Spencer said his son, his ex-wife and her brother are all mad at him because he left the family. "It's like a fatal attraction
-- you know, like that movie. They won't leave me alone. And now they're tying to put a murder on me that I don't know nothing about," he said. No one has ever been charged in the case. And it's not clear how much evidence the FBI has to go on after so many years. The FBI obtained a portion of a finger that had been found two days after the fire in a parking lot or alley near Morris' burned store, according to FBI documents from the 1960s. There have been conflicting reports about whether Morris was missing a finger, but some hospital officials told investigators he was not. Spencer isn't either. There was little other evidence -- soil and clothing samples and a five-gallon container that provided no fingerprints. Rosa Williams, Morris' granddaughter, said she has ached for answers for most of her life. Now, she said, she has hope because she knows the FBI has been working the case. And she believes Nelson will see it through to the end. She has learned more about the case from him than from anyone else, she said. "It's been a long battle.

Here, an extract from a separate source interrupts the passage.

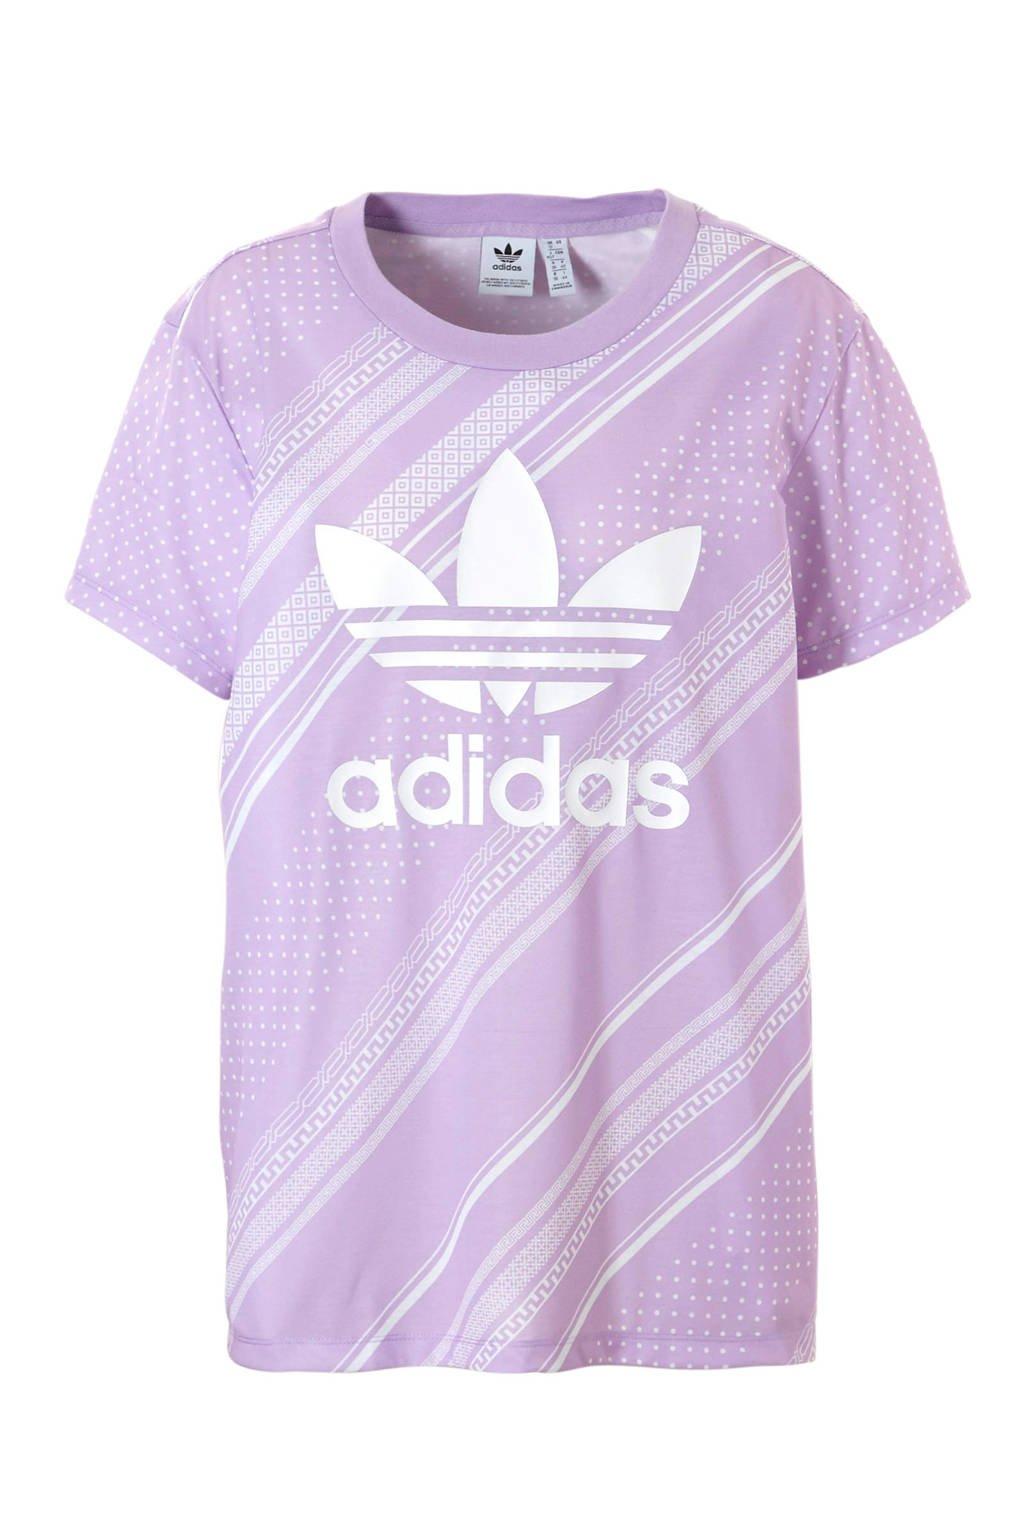 adidas originals T-shirt met all over print paars/wit, Paars/wit
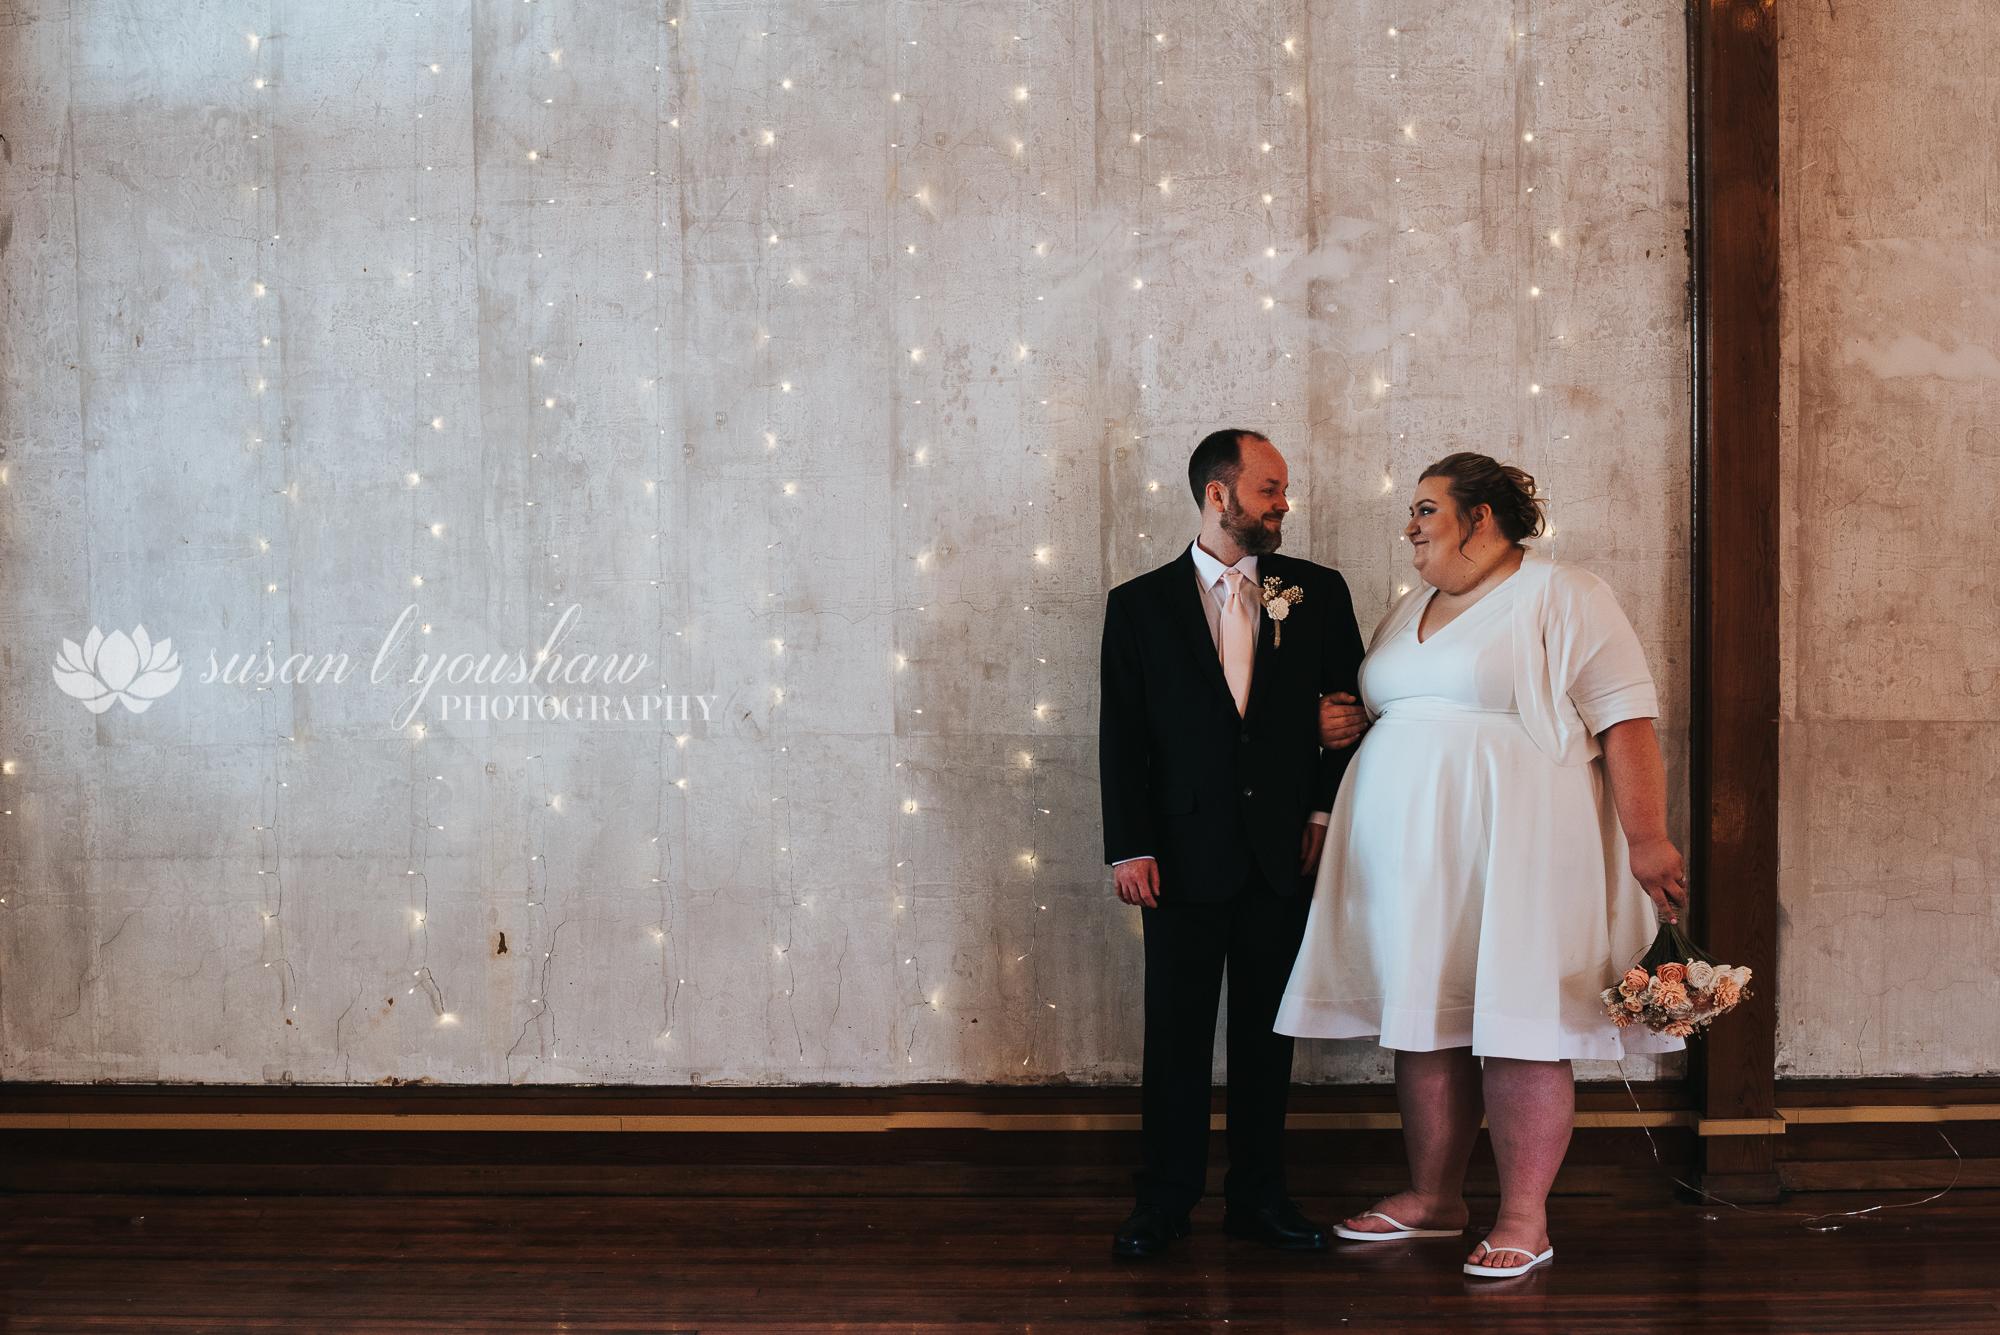 Bill and Sarah Wedding Photos 06-08-2019 SLY Photography -11.jpg

It's hard. It still is. We are hoping there will be justice," Williams said. Jake Davis was 13 in 1964 and worked at Morris' shop. In a recent interview with the AP, Davis said he saw Morris arguing with three white men on the day of the fire but doesn't know whether one of them was Spencer. As a young black boy, Davis didn't even mention the three men when the FBI questioned him at the time. "If I had talked then, I probably wouldn't be around now," he said.
[Associated
Press;
Copyright 2011 The Associated Press. All rights reserved. This material may not be published, broadcast, rewritten or redistributed.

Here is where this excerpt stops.